OpenVMS ALPPORTS01_062 Alpha V6.2-1H3 PCA/PNDRIVERS and SCS ECO Summary
TITLE: OpenVMS ALPPORTS01_062 Alpha V6.2-1H3 PCA/PNDRIVERS and SCS ECO Summary
NOTE: An OpenVMS saveset or PCSI installation file is stored
on the Internet in a self-expanding compressed file.

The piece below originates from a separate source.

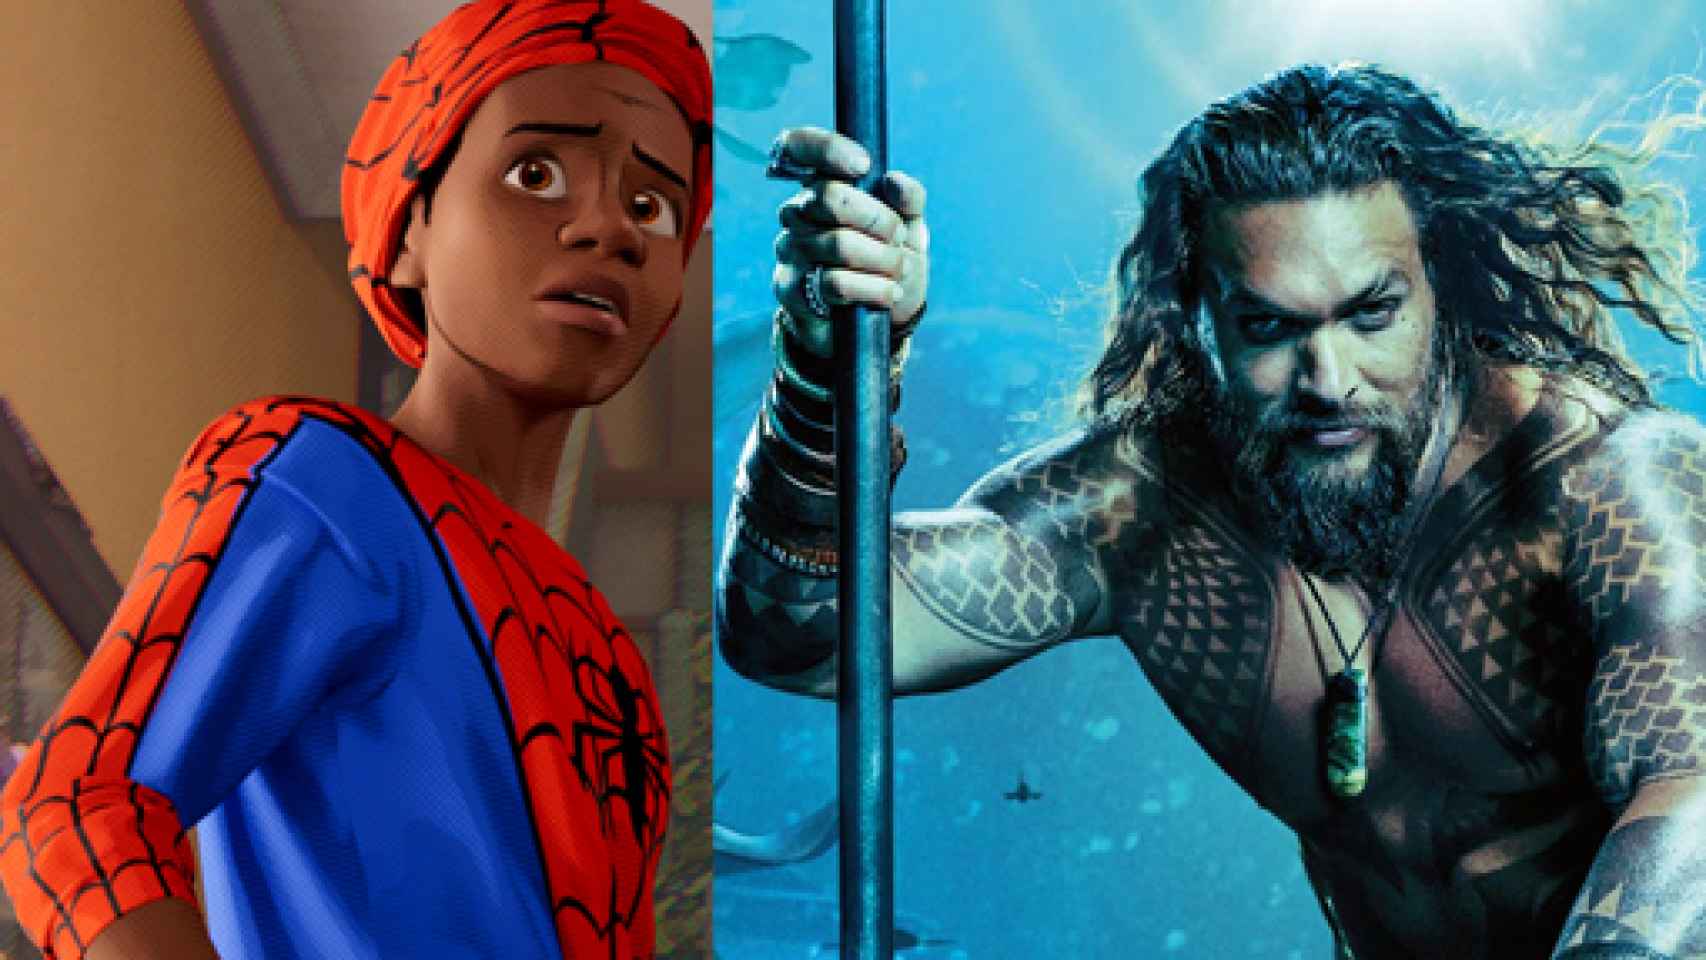 Image: Spider-Man vs Aquaman: hacerse mayor en Hollywood

The name of the compressed file will be kit_name-dcx_vaxexe
for OpenVMS VAX or kit_name-dcx_axpexe for OpenVMS Alpha.
Once the file is copied to your system, it can be expanded
by typing RUN compressed_file. The resultant file will
be the OpenVMS saveset or PCSI installation file which
can be used to install the ECO.
*OpenVMS] ALPPORTS01_062 Alpha V6.2 - V6.2-1H3 PCA/PNDRIVERS and SCS ECO Summary"-
Copyright (c) Compaq Computer Corporation 1998. All rights reserved.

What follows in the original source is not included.